How do I show, using only basic methods, that a product
$$a_n=(1+{1 \over 2}) \cdot (1+{1 \over 4}) \cdot ... \cdot(1+{1 \over 2^n})$$ converges?

I know, that $a_1 = {3\over2}$, and that $a_{n+1} = a_n \cdot (1+ {1 \over 2^{n+1}})$.

Going further:
$$ {{a_{n+1}}\over{a_n}} = 1+ {1 \over 2^{n+1}} > 1$$

Now I can prove by induction, that $a_n$ is monotonically increasing, and is greater than one.

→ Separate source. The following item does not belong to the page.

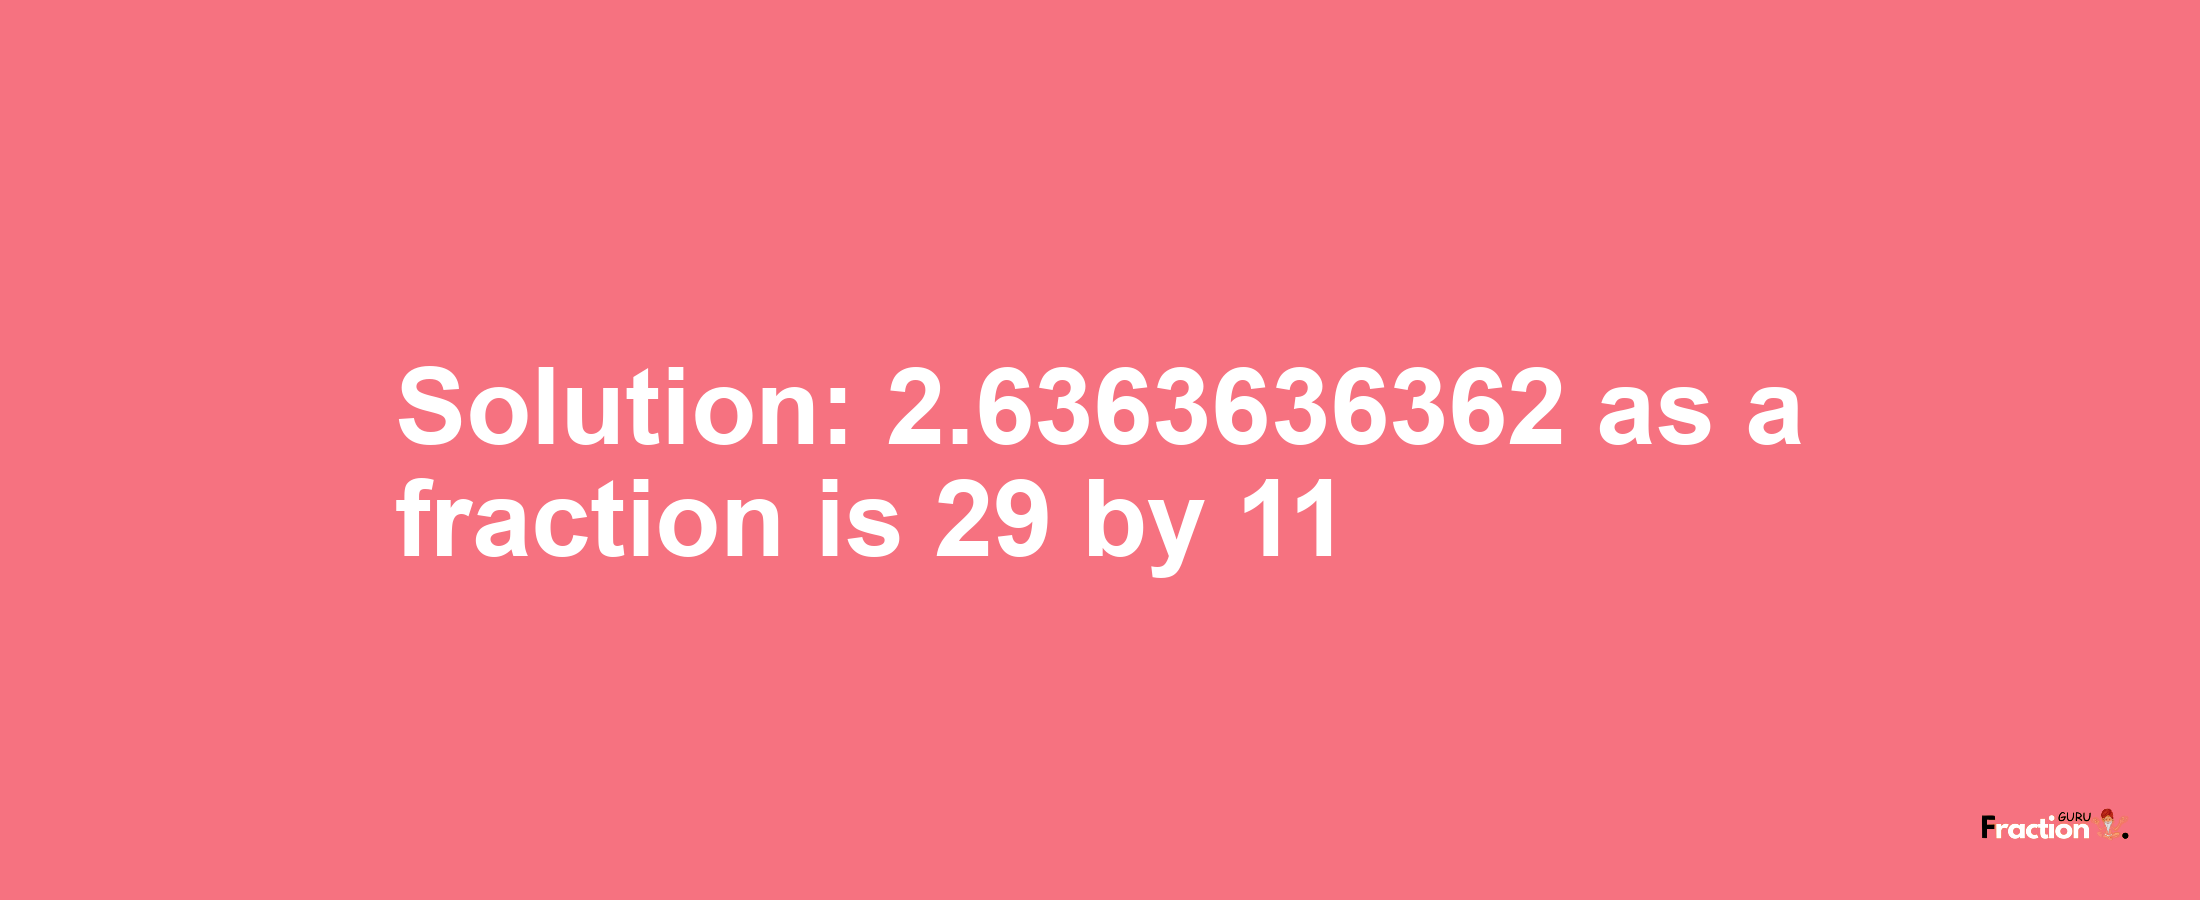 Solution:2.6363636362 as a fraction is 29/11

Now, I want to prove, that $a_n$ is convergent. How can I do this? I can't seem to find any sequence greater than $a_n$ with a limit other than + infinity.

Edit
Following @Barry Cipra comment, i tried taking $ln(a_n)$, so:
$$ ln(a_n) = ln((1+{1 \over 2}) \cdot (1+{1 \over 4}) \cdot ... \cdot(1+{1 \over 2^n}))$$ $$ ln(a_n) = ln(1+{1 \over 2}) + ln(1+{1 \over 4}) + ... +ln(1+{1 \over 2^n})$$ $$ ln(a_n) < 1+{1 \over 2}+1+ {1 \over 4}+...+1+{1 \over 2^n} = n +1$$ $$ ln(a_n) < n+1 $$ $$ a_n < e^{n+1} $$

But I still don't know how this gets me any closer to the answer

Answer 1

It is true that $\ln (x)\le x$ for every $x$, but a sharper inequality is: $$ \ln (x) \le x-1\qquad{\text{for all $x$}}. $$ Using this inequality you get $$\ln (a_n) \le \sum_{k=1}^n \frac1{2^k}\le 1, $$ which implies that $(a_n)$ is bounded above. From this, along with what you've already established, we deduce that $(a_n)$ converges.